Crispy Tandoori Chickpea Spelt Pizza
FOR THE TANDOORI CHICKPEAS:
- 265 g Chickpeas drained and patted dry*.
- 175 ml Coconut cream*
- 1 small onion chopped
- Optional: 1 tsp harissa paste or 1-2 bird eye chilies
- 1 tbspn Lemon juice
- 2 tbspn Cumin ground
- ½ tbspn Cinnamon ground
- 1 tbspn Ginger ground
- 1 tbspn Paprika ground
- 1 tbspn Garlic powder ground
- ½ tbspn black pepper ground
- ½ tbspn Sea salt ground
- 1 tbspn Coconut blossom sugar
FOR THE SIMPLE PIZZA DOUGH:
FOR THE MINT YOGURT:
FOR THE TOPPINGS:
- Carrots finely sliced
- Red bell bell pepper finely sliced
- Vegan cheese
- Tandoori chickpeas Prepare all the ingredients in a large bowl and knead with your hands until the chickpeas are well combined with all the other ingredients and a paste-like mass is formed.265 g Chickpeas drained and patted dry*., 175 ml Coconut cream*, 1 small onion, Optional: 1 tsp harissa paste or 1-2 bird eye chilies, 1 tbspn Lemon juice, 2 tbspn Cumin, ½ tbspn Cinnamon, 1 tbspn Ginger, 1 tbspn Paprika, 1 tbspn Garlic powder, ½ tbspn black pepper, ½ tbspn Sea salt, 1 tbspn Coconut blossom sugar
- Mint yogurt To prepare the yogurt, place all ingredients in a high-powered blender and blend on high speed for at least 30-60 seconds to make a creamy yogurt. Season to taste and set aside.170 ml Coconut cream*, 1 tbspn Agave syrup or maple syrup, 2 tbspn Lemon juice, 2 tbspn Apple cider vinegar, 2 Hands full of mint leaves, 1 Handful of coriander leaves, 1 tbspn Olive oil, Salt and pepper to taste, 120 g Cashews
- For the dough first put the wet ingredients, then the dry ingredients in a mixing bowl and mix with a food processor (kneading chopper) for about 3-4 minutes on high speed until smooth. If the dough is too dry, carefully add a little more water. If the dough is too wet, add a little more flour. Briefly remove dough from bowl, flour bottom of bowl (so dough does not stick).½ tbspn Salt, 1 tbspn Turmeric, 1 tbspn Raw cane sugar, 1 tbspn Dry yeast, 200 ml lukewarm water, 240 g Spelt flour
- Cover (I use a tea towel and a lid) and place in a warm, but not too hot, place where there are no drafts. The dough should still be able to breathe (do not cover too tightly), as the yeast needs heat and oxygen to rise. Let rise for 1 hour.

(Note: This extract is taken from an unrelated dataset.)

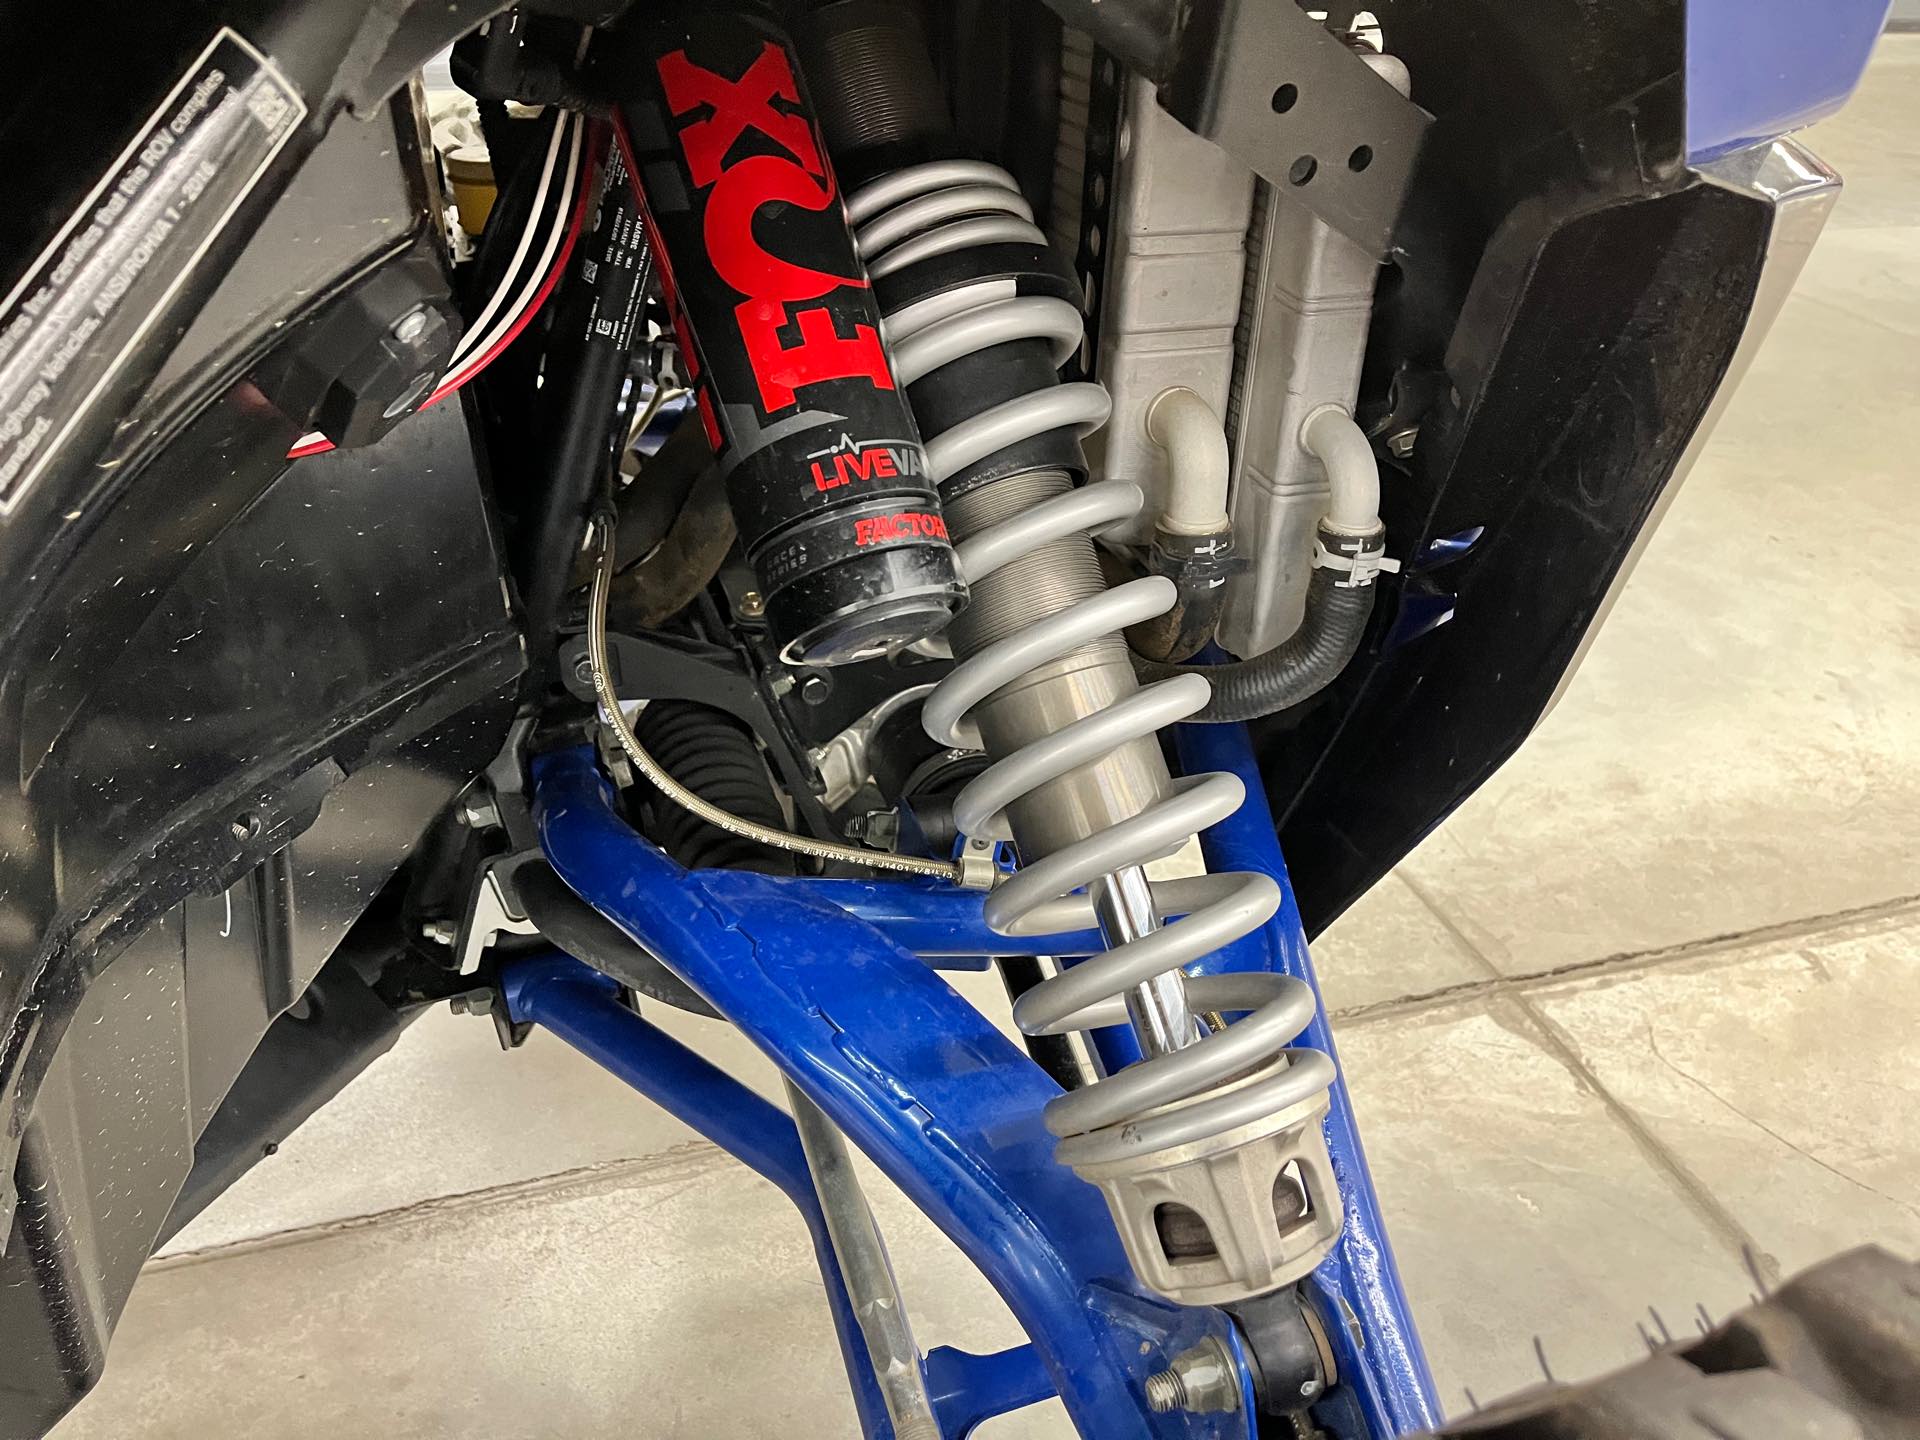 2019 Polaris RZR XP 4 Turbo S Base at Aces Motorcycles - Denver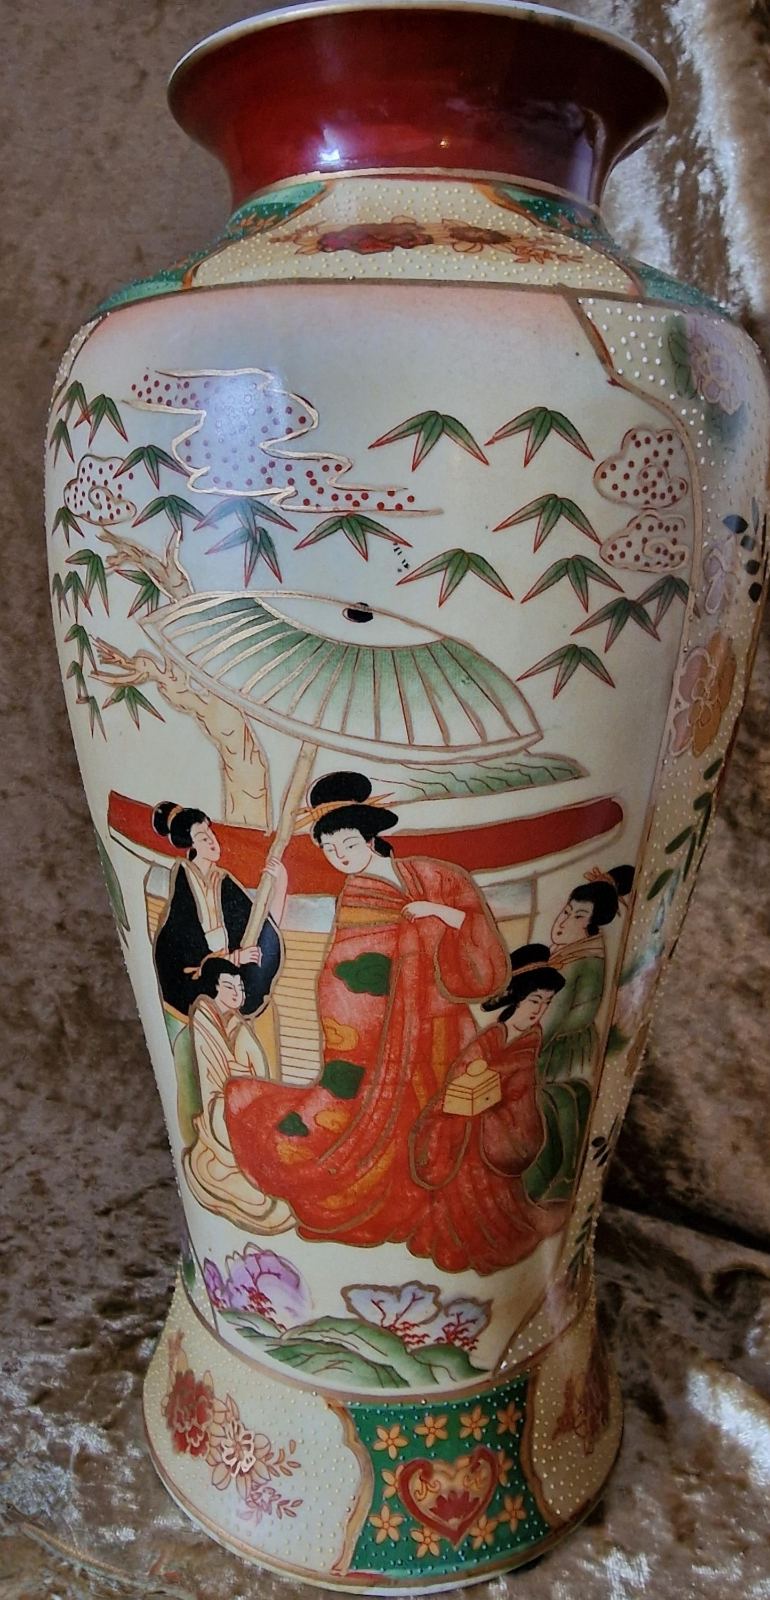  Vase with elegant Oriental designs, showcasing intricate patterns

- At the end of the baking time, preheat the oven to 190 degrees and line a baking tray with wrapping paper.
- Transfer the dough to a floured work surface and knead again with your hands. Roll out with a pastry roller to a round (about 30 centimeters in diameter) dough. Spread chickpea mixture evenly and top with desired toppings.
- Place in oven and bake for 15-20 minutes until pizza is nice and golden brown around the edges.Carrots, Red bell bell pepper, Vegan cheese
- Remove from oven, cut into pieces, drizzle with mint yogurt and enjoy!